From Natural Language to Logic Machines Through Formal Constraints.
Grammar, Logic and Meaning
Recent developments in the training of Large Language Models (LLMs) have seen the rise of prover models, with deepseek-r1-prover being the pioneer in the domain, but OpenAI quickly following with o3-pro, and even the latest GPT-5-Thinking, highly optimized for logic and proof though Chain-of-Thought (CoT) enabled Reinforcement Learning on hard proof based math problems. While this approach has gathered good results, especially with small models, developed by companies such as PleIAs or Moonshot AI, this approach has several fundamental flaws that decrease both accuracy and efficiency.

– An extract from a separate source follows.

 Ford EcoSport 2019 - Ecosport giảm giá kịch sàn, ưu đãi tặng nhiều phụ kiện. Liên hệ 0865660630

Under the current training paradigm LLMs have to interiorise three very different notion at the same time:
- Grammar
- Logic
- Meaning/Purpose/Creativity ?
This structures makes the whole pipeline very hard to debug. Fails on benchamrks and evl can come from either syntax errors (semantics), inconsitencies/sinnlos or outright limitations of the actual capabilities of the model. With large models, and some entropy sampling, syntax is basically solved, but logical fallacies are harder to correct, often requiring very expensive CoT (o3-pro).
Proposition 7 (P7)
Building upon these encouraging successes, we want to go several steps further in the process. Introducing Proposition 7, our constrained generation system that unifies typed programming, proof building, and even natural language.
Philosophy
Philosophy is the practice of asking questions. Mathematics is the branch of philosophy in which answers can be checked for truth or falsity.
Intelligence is best understood as the capacity to pose good questions—in other words, to make interesting choices. “Interesting” is not the same as “true”; it resists definition, though we recognize it when we see it.

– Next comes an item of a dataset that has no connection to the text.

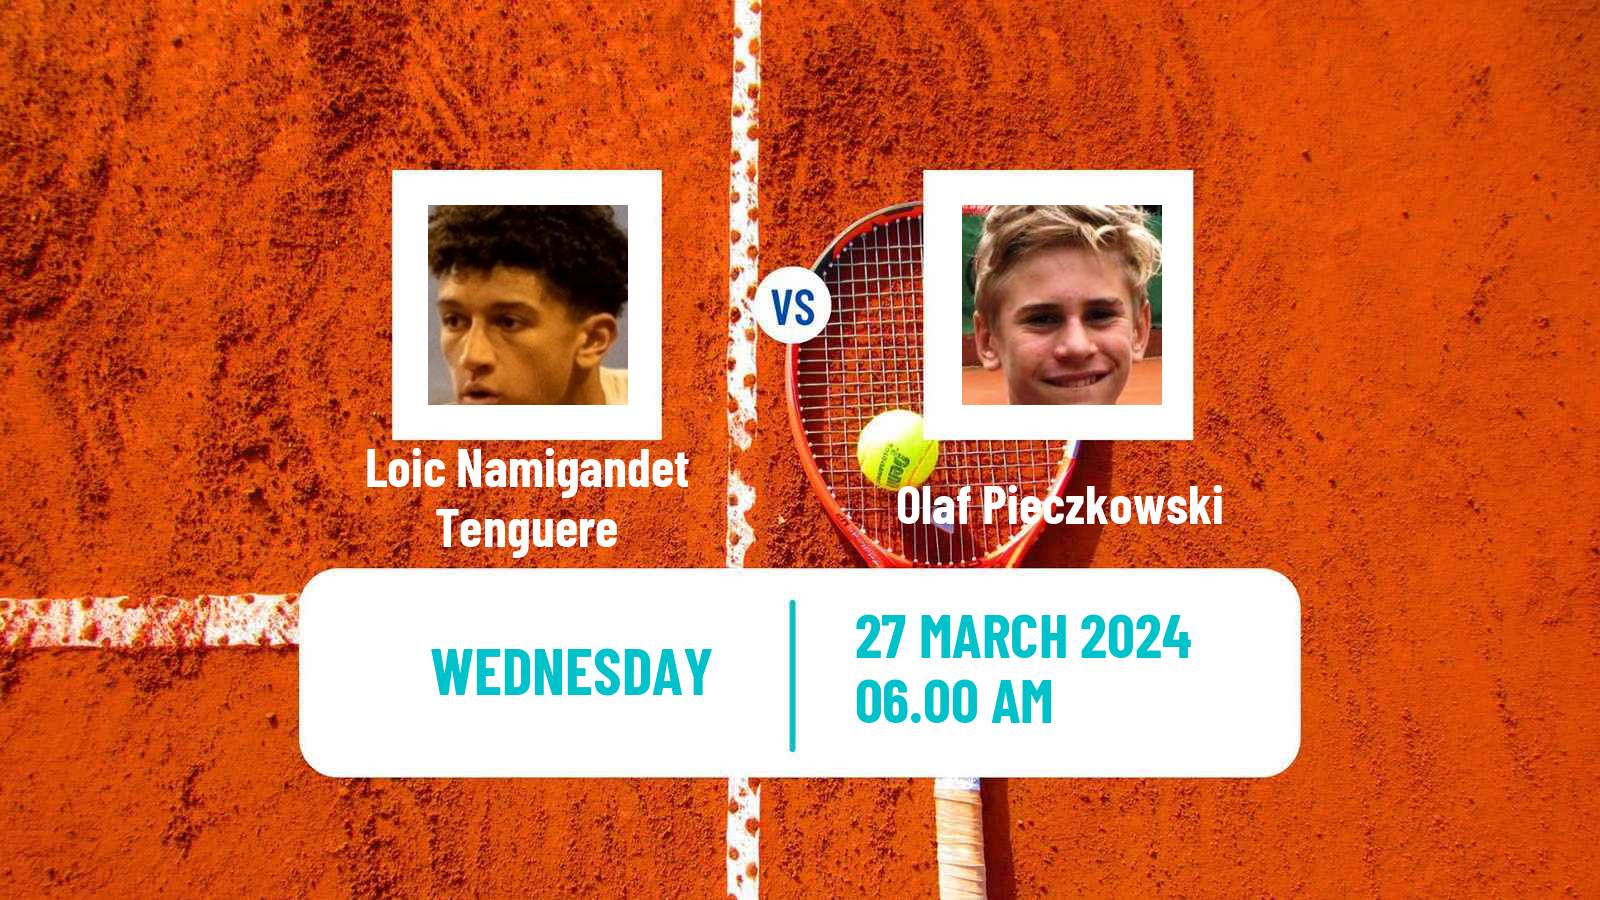 Tennis ITF M25 Trnava Men Loic Namigandet Tenguere - Olaf Pieczkowski

Being good at mathematics is less about the mechanics of proof (we can trivially prove statements, it’s just that most statements are boring) and more about choosing what to prove, and when, to advance a goal.

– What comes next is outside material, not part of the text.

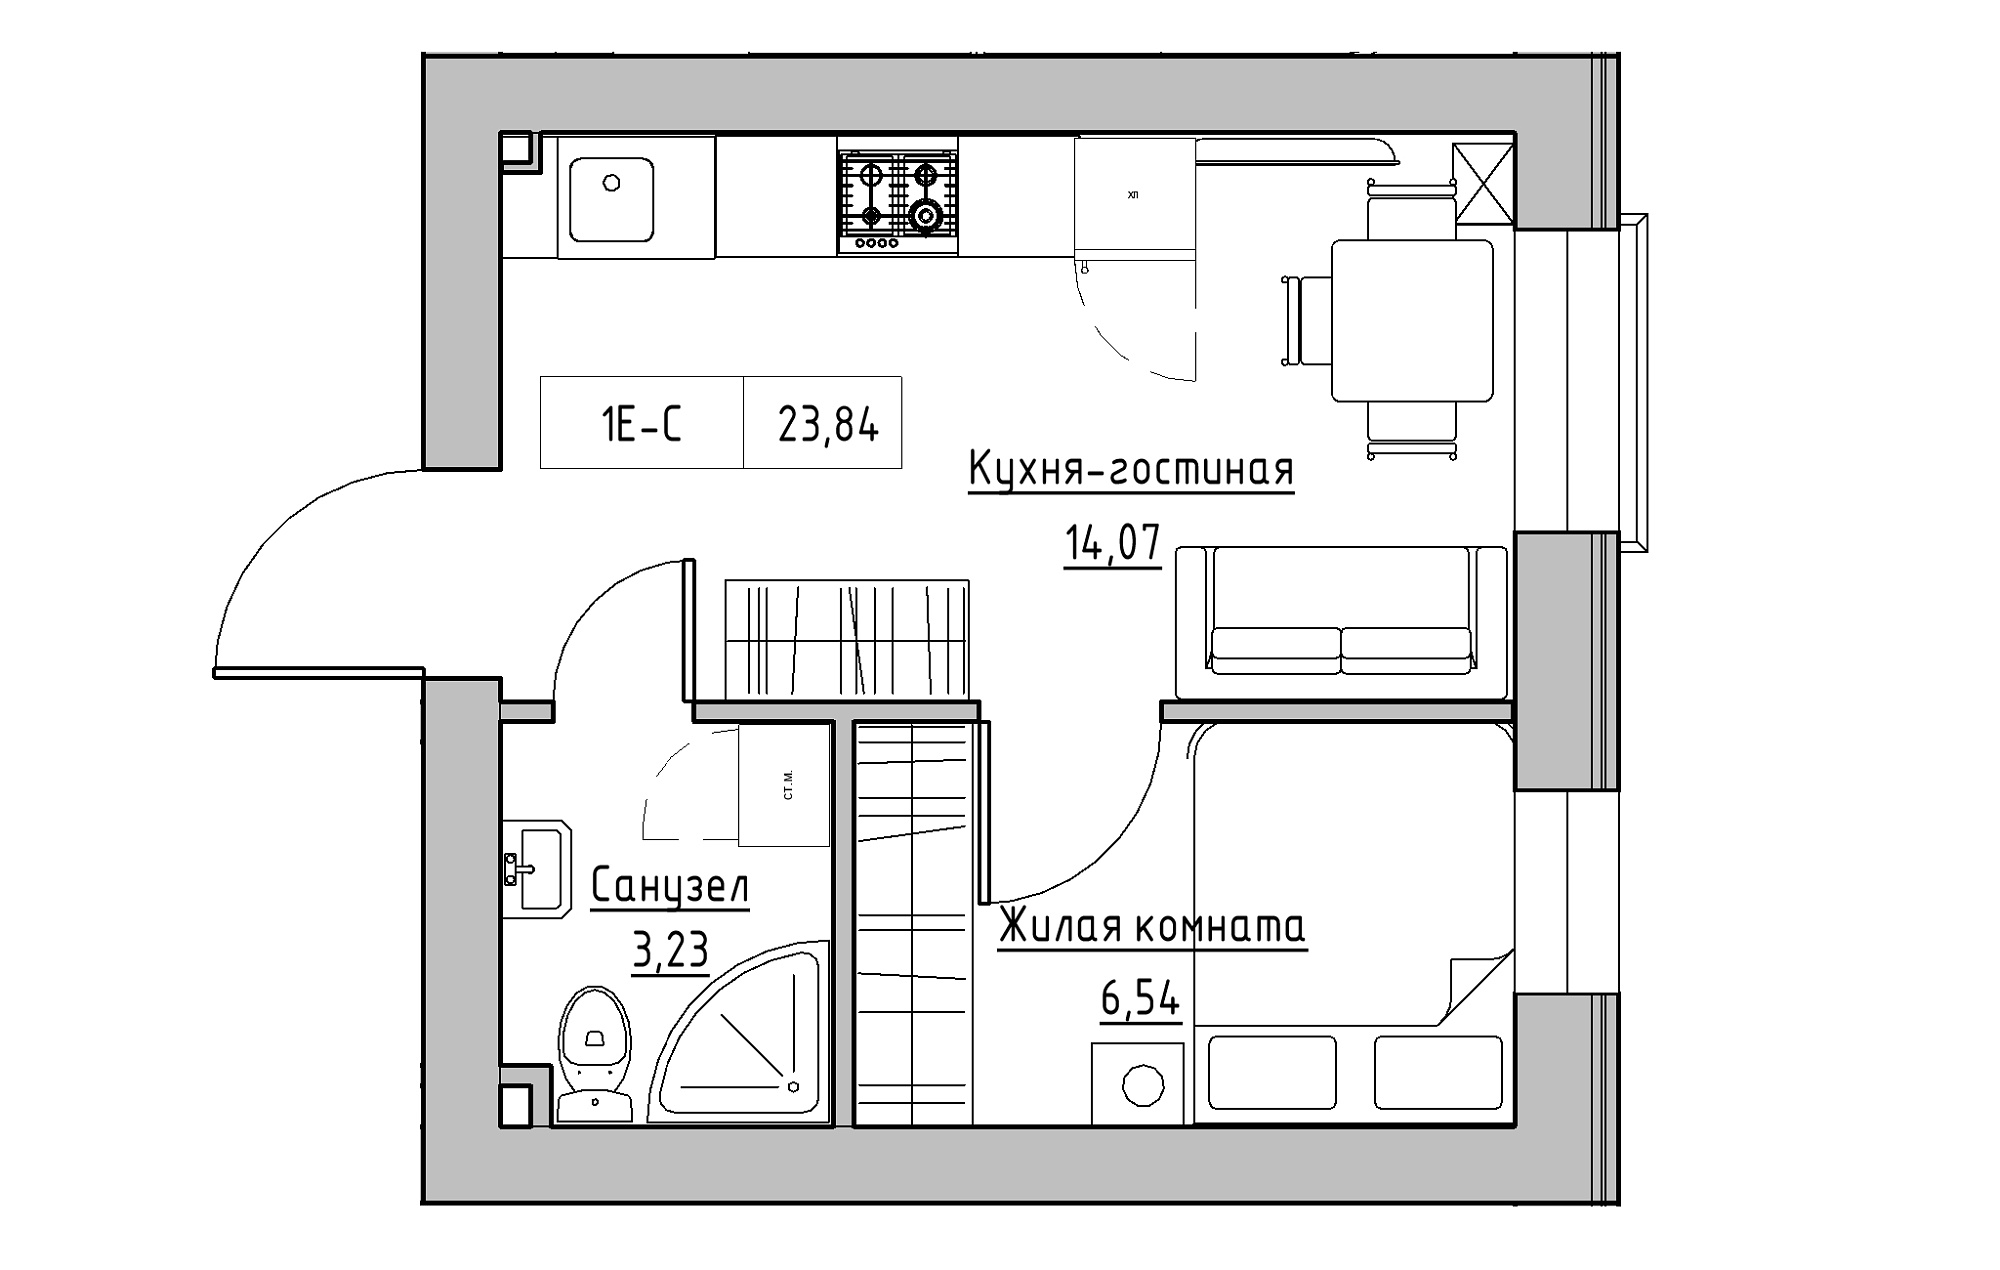 Планування 1-к квартира площею 23.84м2, KS-018-05/0014.

To build intelligent machines, we should optimize for interesting-ness: a coherent model of what is meaningful versus trivial, coupled with a search that stays within the space of statements that are true.
Humans naturally think with vague language that often outruns strict truth conditions; that makes sense in a messy world. In formal reasoning, the tradeoff is different. Some of what we find interesting is also absurd, we call it mysticism. Mysticism is cool, and we dedicate a lot of time to it, through art, music, literature, and even love, but it’s not something machines can/should do.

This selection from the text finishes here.